Simulate a phenotype with sparse causal effects and correlated errors due to population structure.

sb = np.sqrt(0.2)
su = np.sqrt(0.7)
sigma = np.sqrt(1 - sb ** 2 - su ** 2)
n_causal = 2
rng = np.random.default_rng(1)
b = np.zeros((x.shape[1], 1))
b[rng.choice(x.shape[1], size=n_causal)] = rng.normal(scale=np.sqrt(sb ** 2 / n_causal), size=(n_causal, 1))
g = xs @ b
ys = (g
      + rng.multivariate_normal(mean=np.ones(x.shape[0]), cov=su ** 2 * K).reshape(-1, 1)
      + rng.normal(scale=sigma, size=(x.shape[0], 1)))
print(g.var() / ys.var())
ys -= ys.mean()
ys /= ys.std()

Fit susie assuming uncorrelated errors.

fit0 = susie.susie(xs, ys, L=5)

Fit our proposed procedure.

fit1 = susie_kinship(xs, ys, K=K, L=5)

Plot the estimated PIPs under each fitted model, highlighting the credible sets. Mark the simulated causal variants by vertical lines.

cm = plt.get_cmap('Dark2')
pos = np.array([float(t[-1]) / 1e6 for t in x.columns.str.split('_')])
plt.clf()
fig, ax = plt.subplots(2, 1, sharex=True)
fig.set_size_inches(5.5, 3.5)
for a, fit in zip(ax, [fit0, fit1]):
  a.scatter(pos, np.array(susie.susie_get_pip(fit)), s=1, c='0.8')
  temp = susie.susie_get_cs(fit, X=xs).rx2('cs')
  if temp:
    cs = [np.array(c) - 1 for c in temp]
    for i, c in enumerate(cs):
      a.scatter(pos[c], np.array(susie.susie_get_pip(fit))[c], s=16, c=cm(i), zorder=3, label=f'CS {i+1}')
  a.legend(frameon=False, markerscale=2, handletextpad=0, loc='center left', bbox_to_anchor=(1, .5))
  a.set_ylabel('PIP')
  for p in np.where(b != 0)[0]:
    a.axvline(pos[p], c='0.8', lw=0.5, zorder=2)
ax[0].set_title('Assuming uncorrelated errors')
ax[1].set_title('Assuming correlated errors')
ax[-1].set_xlabel('Position on chr6 (MB)')
fig.tight_layout()

Related work

Schelldorfer et al. 2011 consider a model in which \(\vb\) is \(\ell_1\)-penalized rather than assuming a sparsity-inducing prior on \(\vb\).
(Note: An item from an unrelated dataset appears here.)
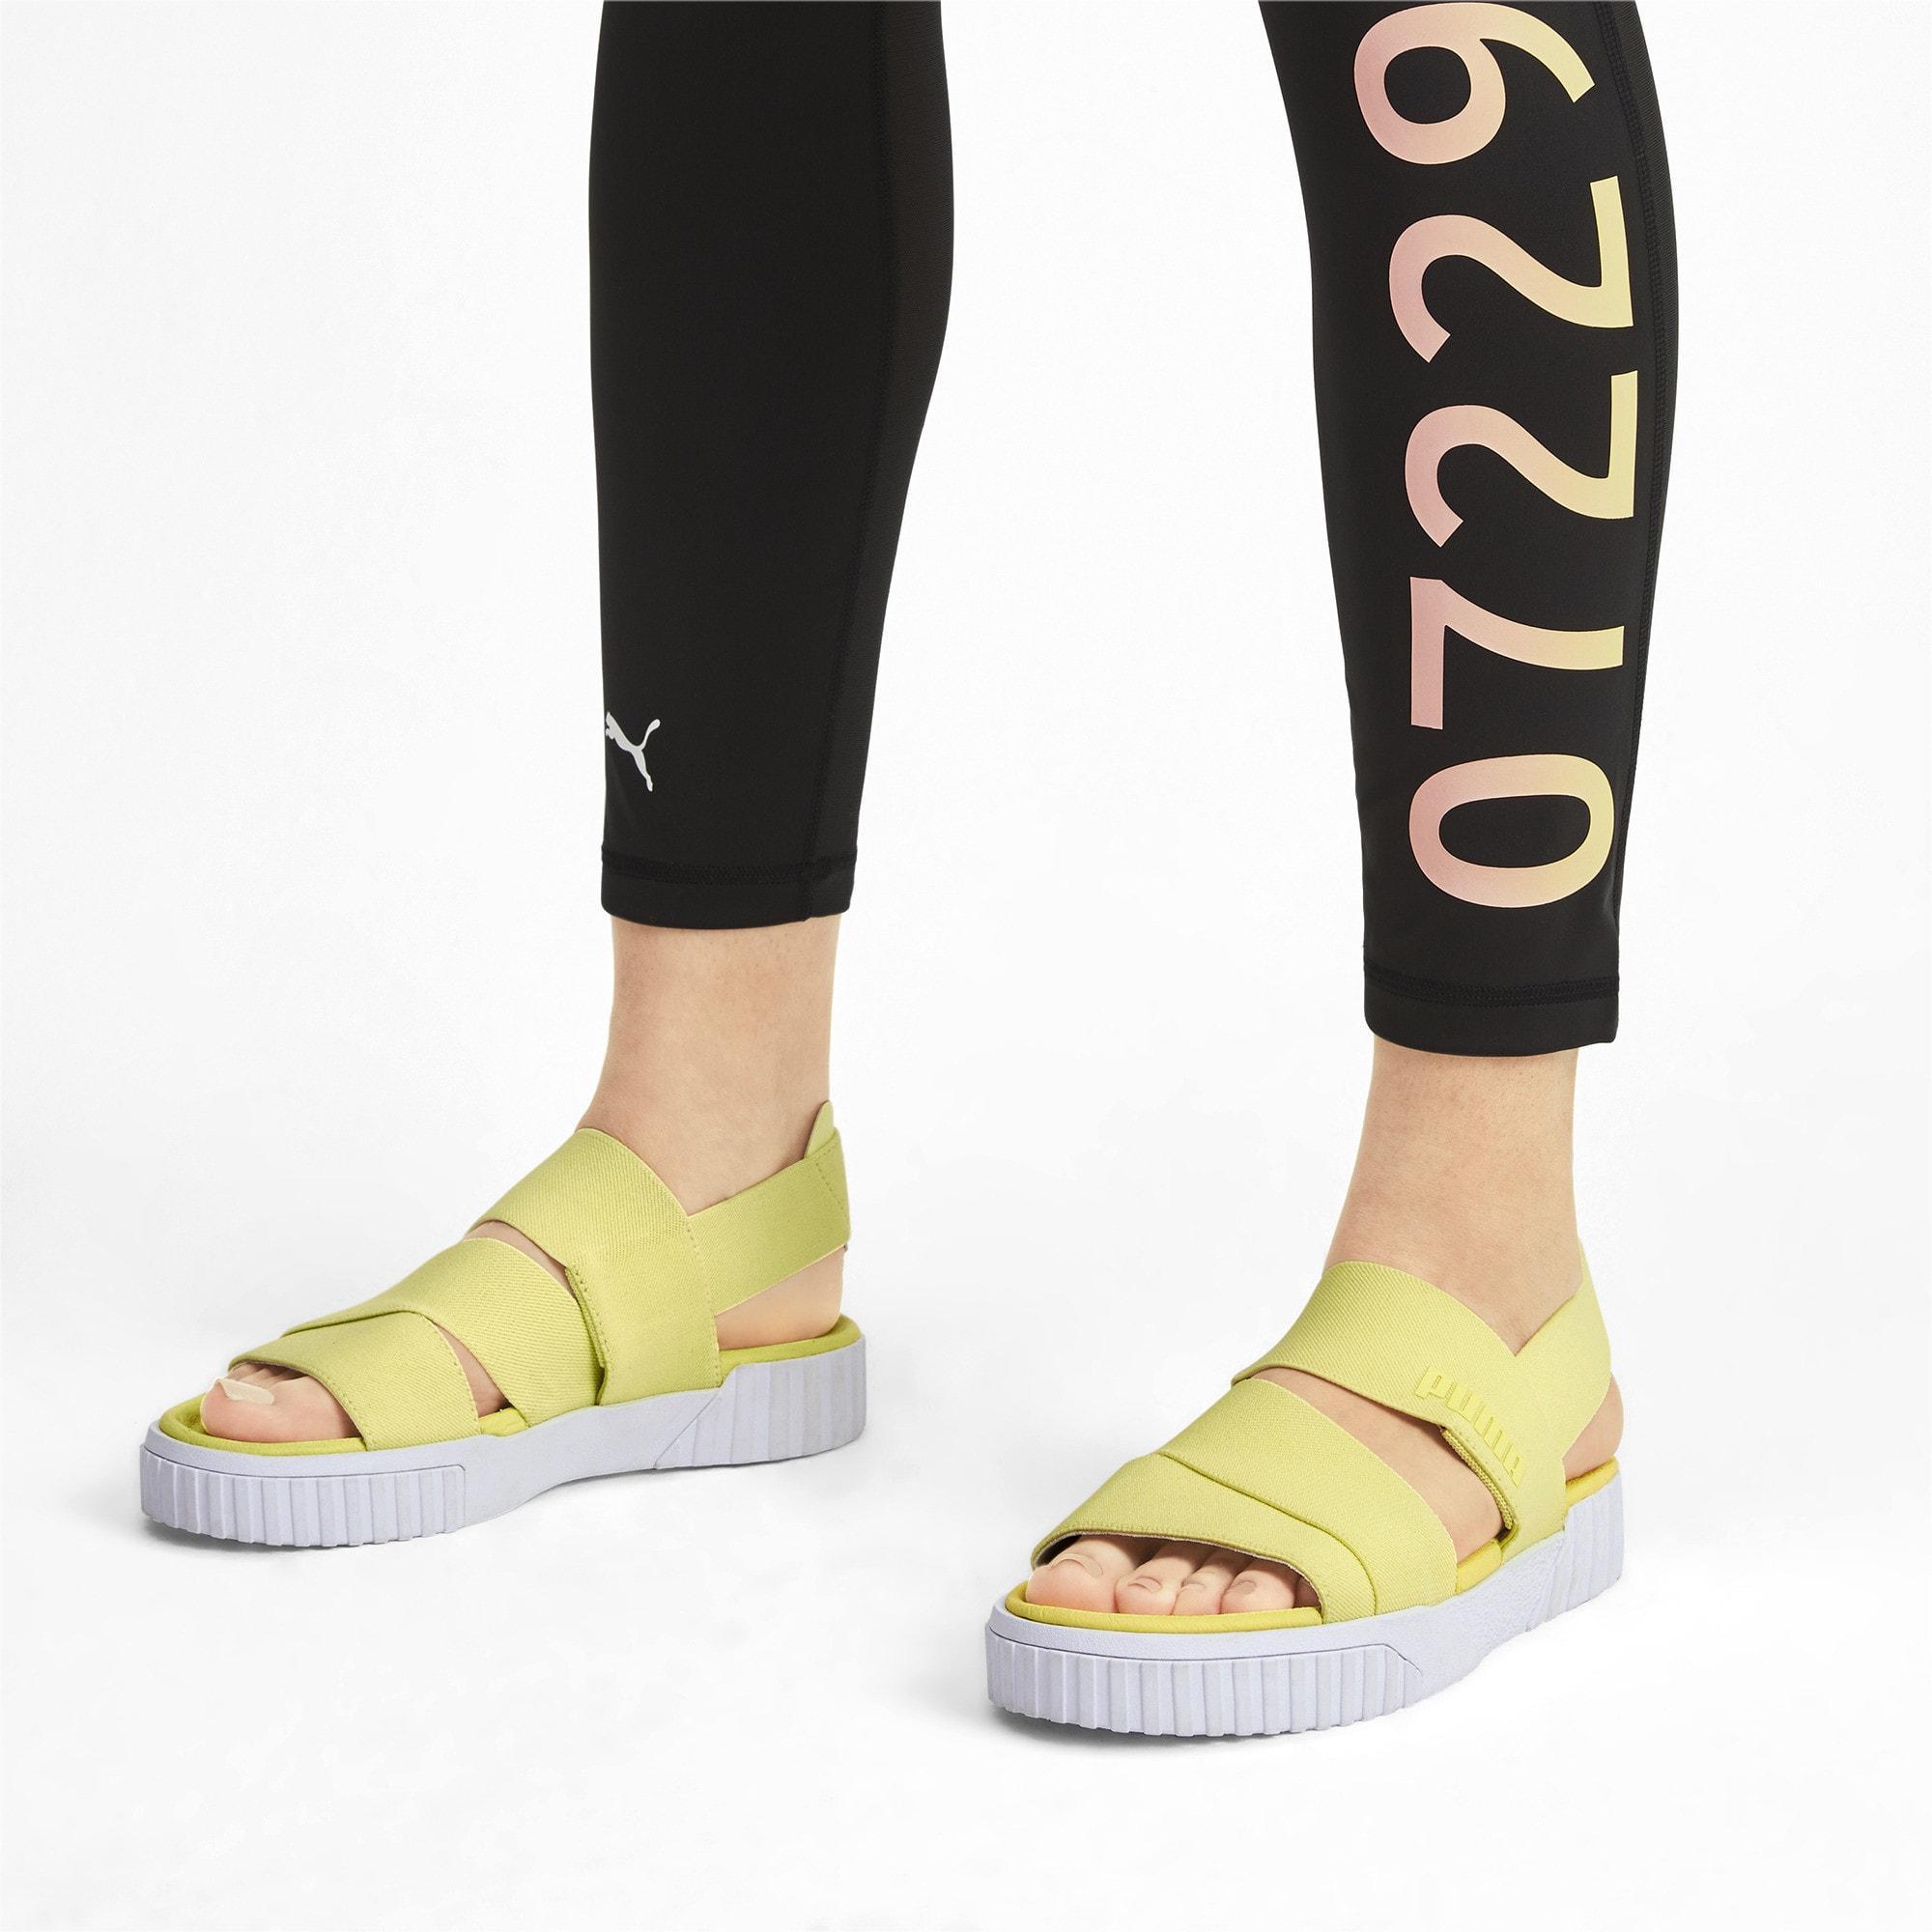 PUMA Rubber Sg X Cali Sandal in Yellow

The approach they take is to make coordinate updates to the variance components, using exact gradient and approximate Hessian information, and is implemented in the R package glmmlasso.
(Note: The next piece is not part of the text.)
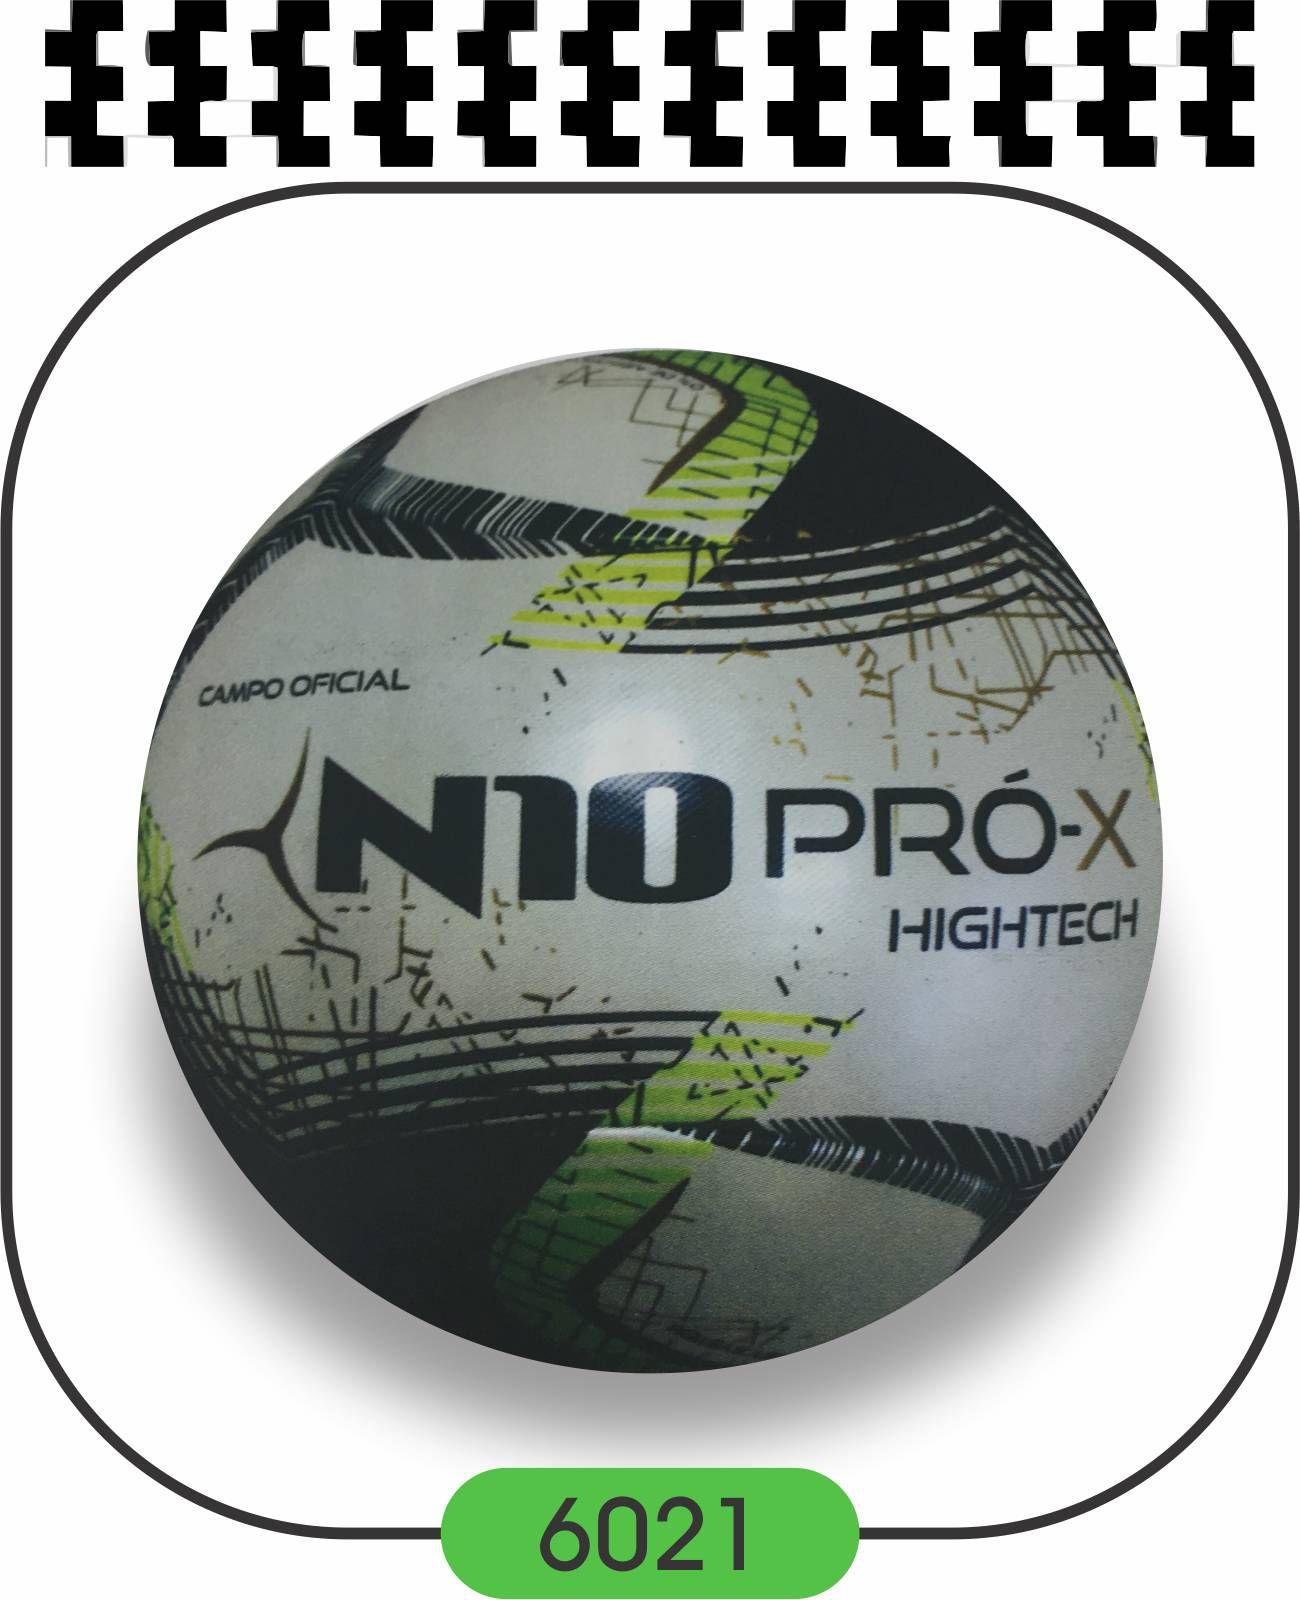 Bola de Futebol de Campo N10 PRO-X HIGHTECH - TERMOFUSY  - Bolas Lassabia - Bolas e Brindes Personalizados

Peter Carbonetto showed how to reduce BSLMM (Zhou et al. 2013) to varbvs (Carbonetto and Stephens 2012) using this approach.

Zhengyang Fang incorporated the BSLMM prior into susie using this approach, implemented in susie-mixture. However, their approach assumes \(\mk\) depends on the same cis-genotypes as the design matrix \(\mx\), leading to severe inference problems related to proximal contamination. In contrast, we are motivated by the case where \(\mk\) depends on the rest of the genome.

Andrew Goldstein generalized susie to the exponential family (generalized linear models) using this approach.